■ Problem to work on
An exact copy of the lines of the listing below between the "разведке - 100" line and the "DF,360V,1800uF" line, both included, is the whole answer; please omit the pictures.

[[ Working data, beginning ]]

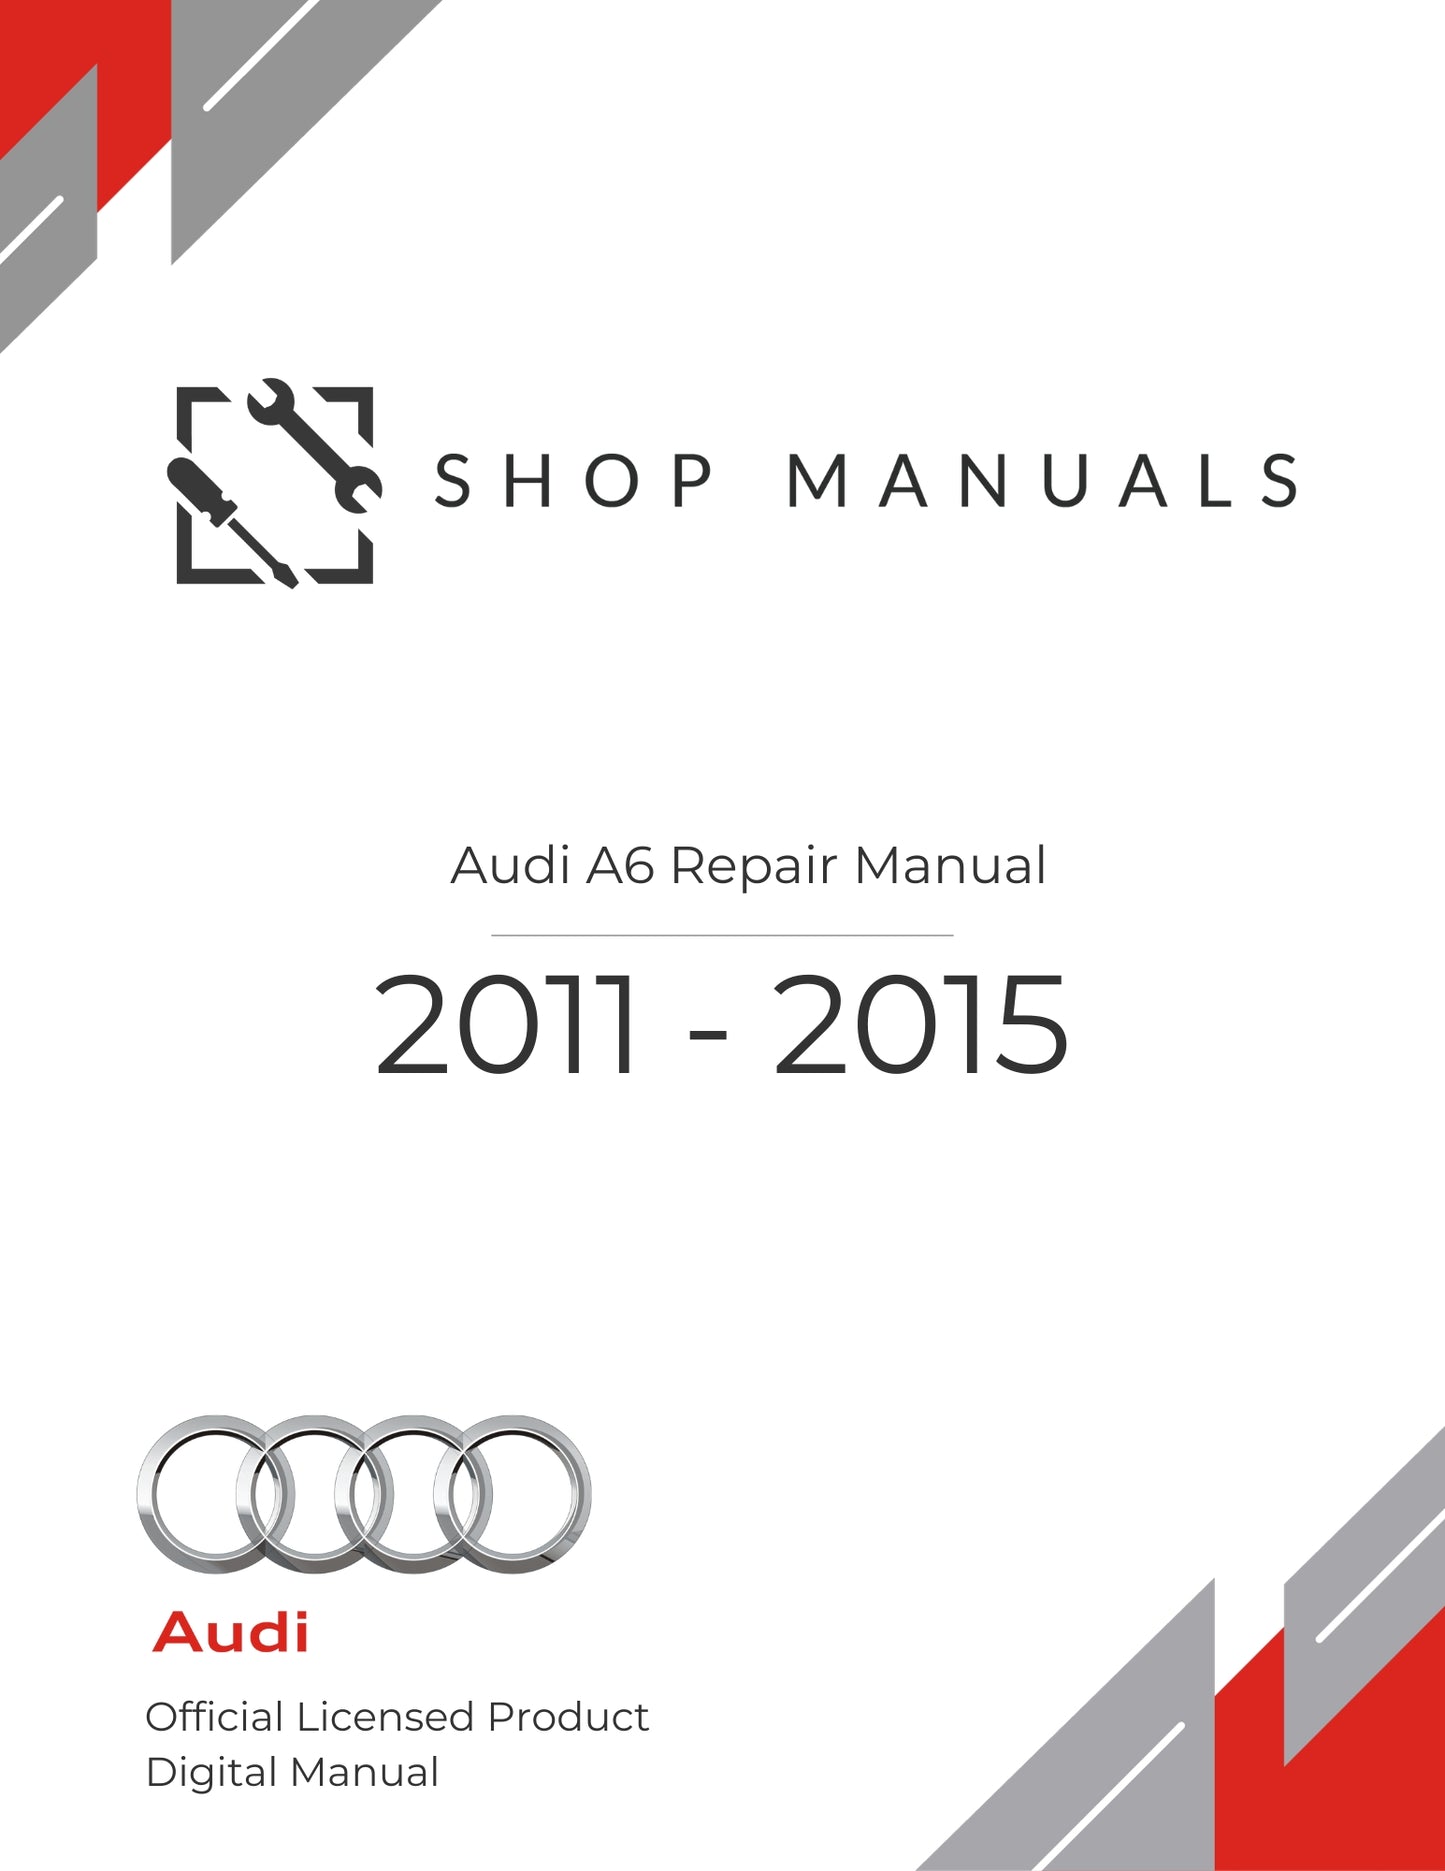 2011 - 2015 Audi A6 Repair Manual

[[ Working data, end ]]
[[ Working data, beginning ]]

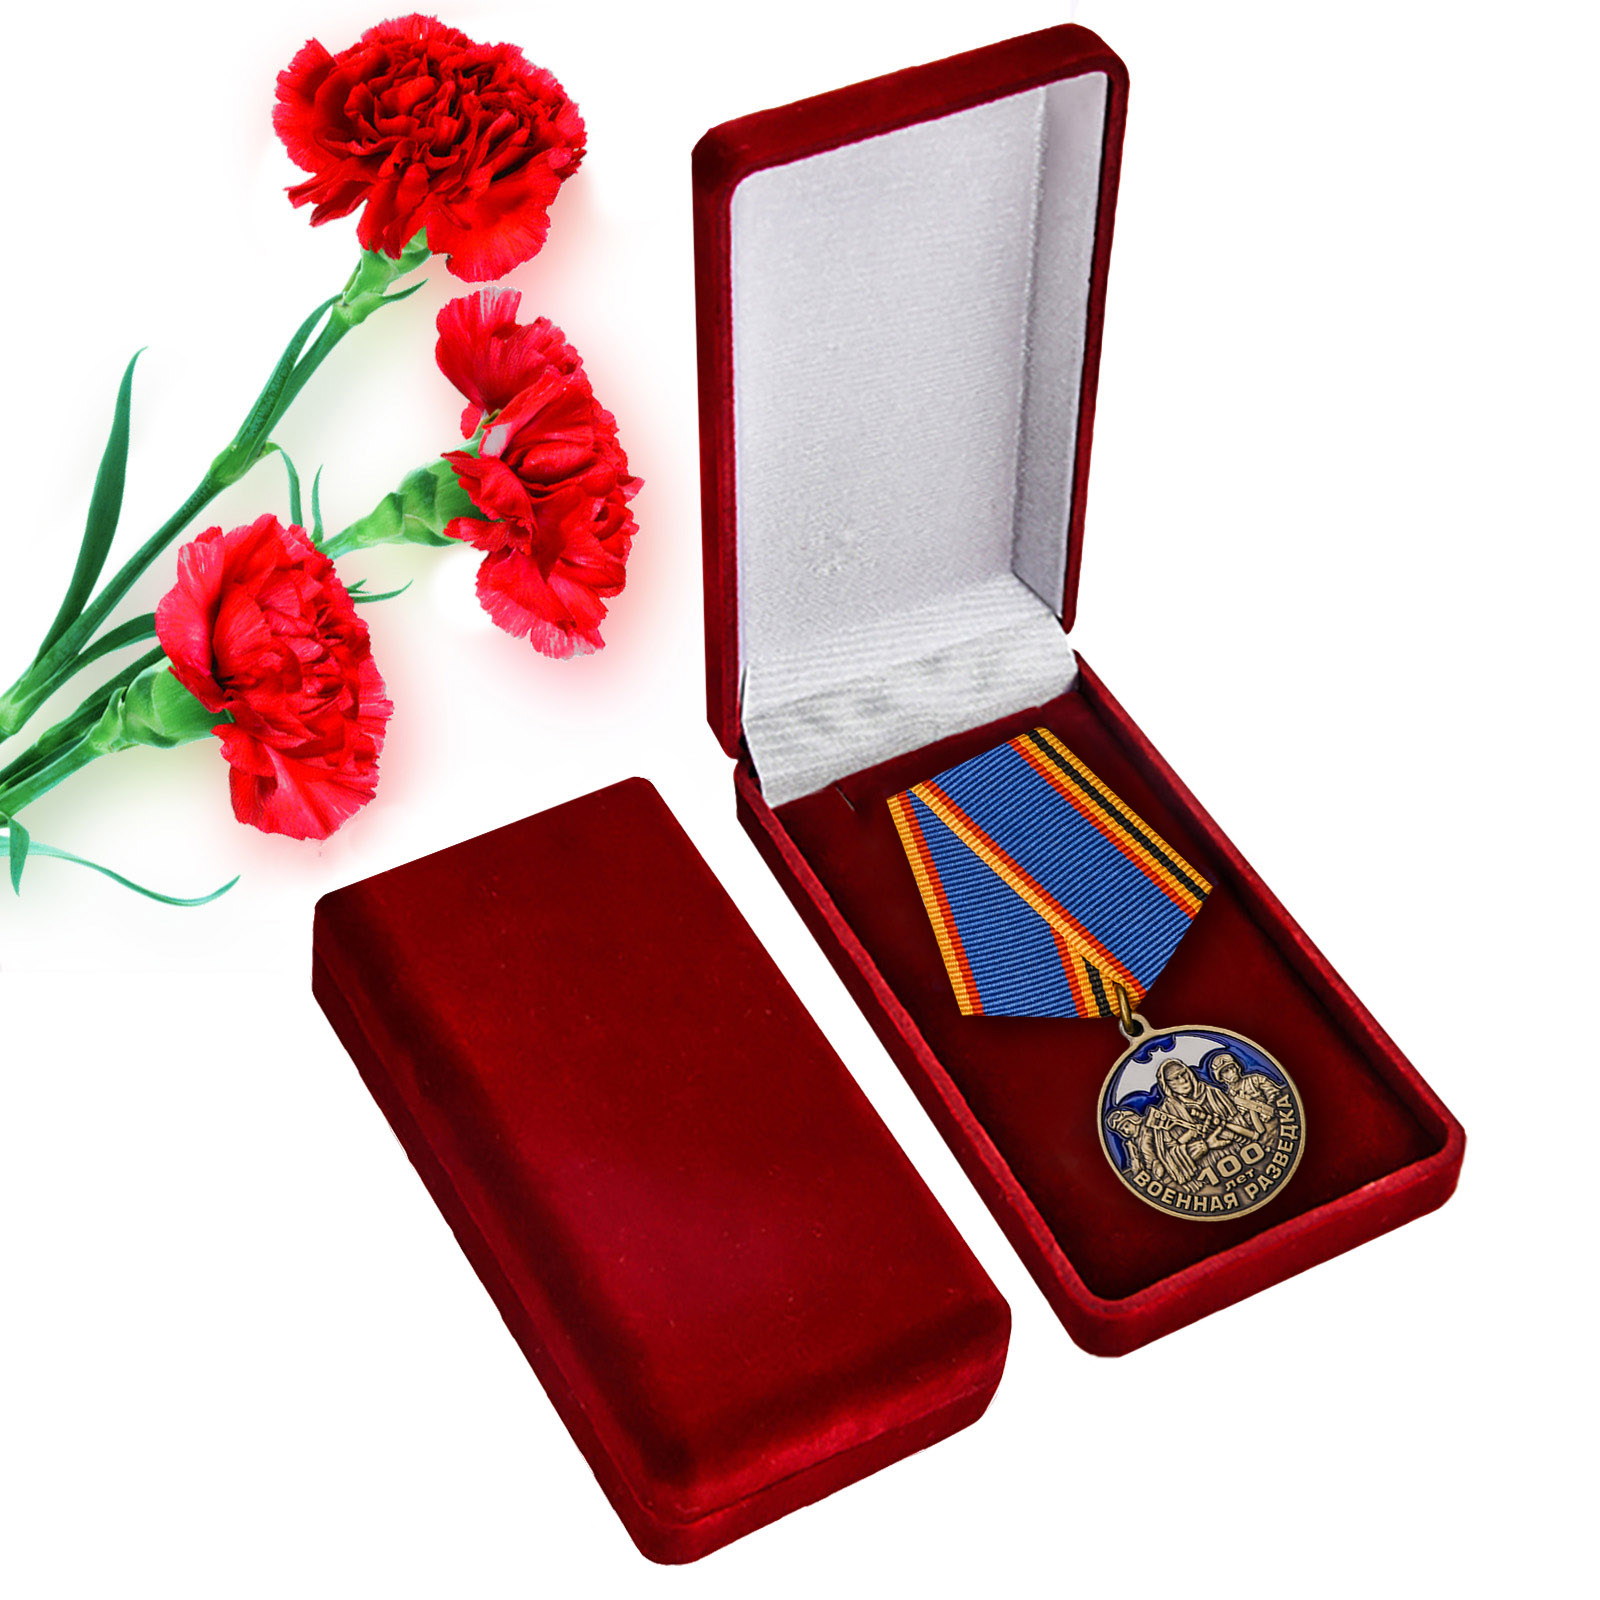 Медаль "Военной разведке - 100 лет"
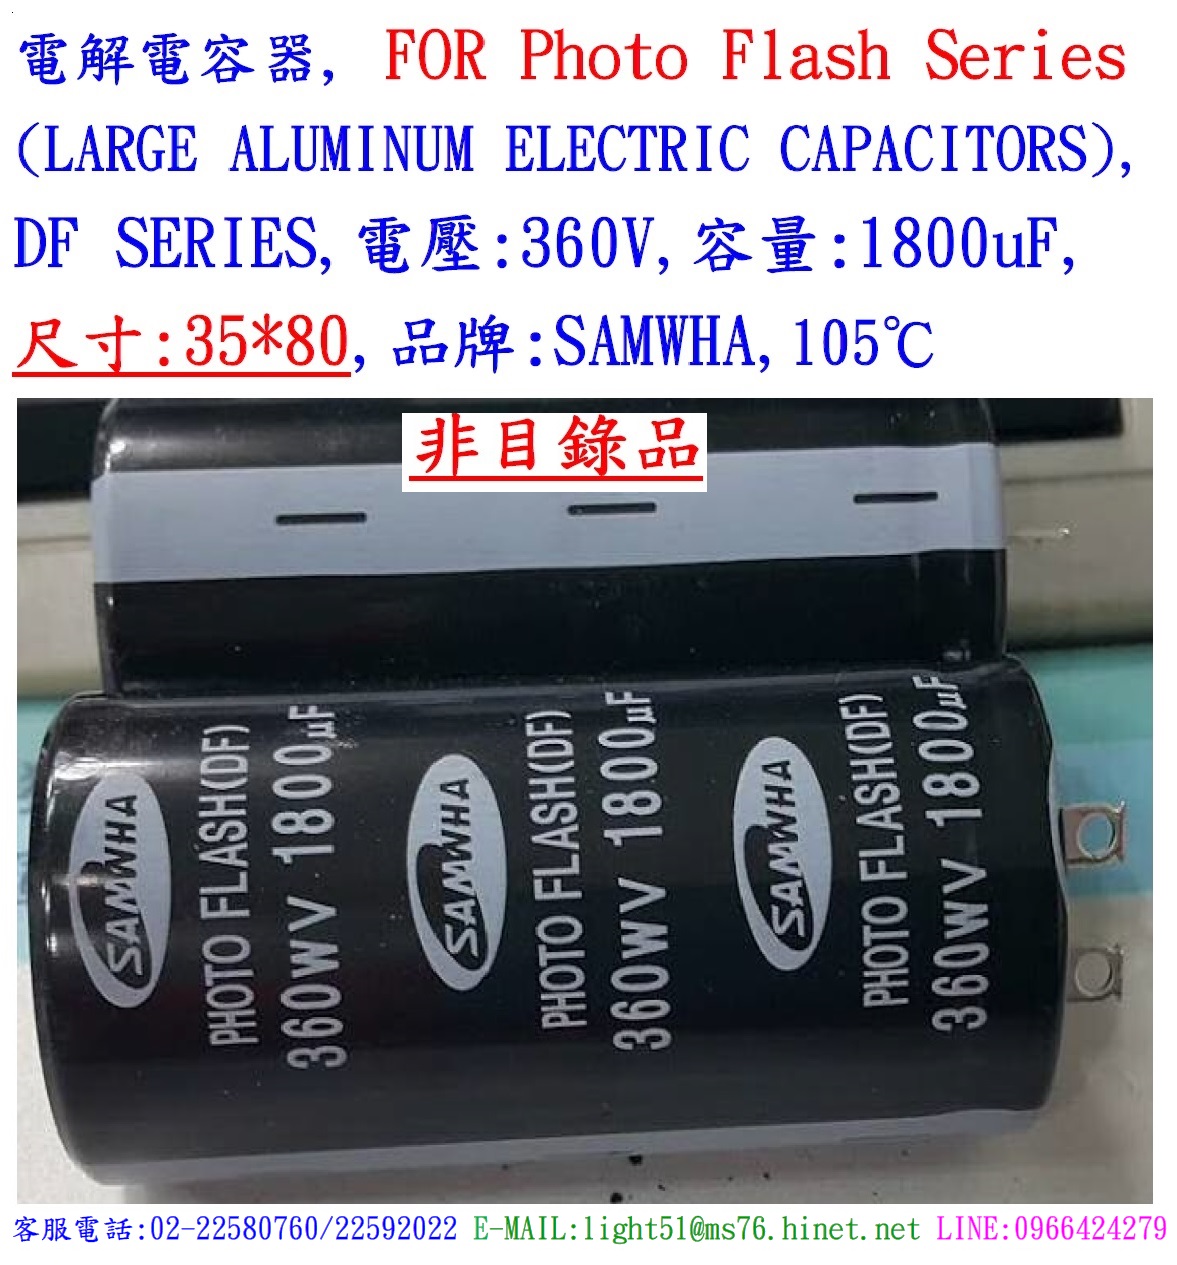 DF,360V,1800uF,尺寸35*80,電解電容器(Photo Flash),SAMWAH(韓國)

[[ Working data, end ]]

■ Solved exercise
 Медаль "Военной разведке - 100 лет"
 DF,360V,1800uF,尺寸35*80,電解電容器(Photo Flash),SAMWAH(韓國)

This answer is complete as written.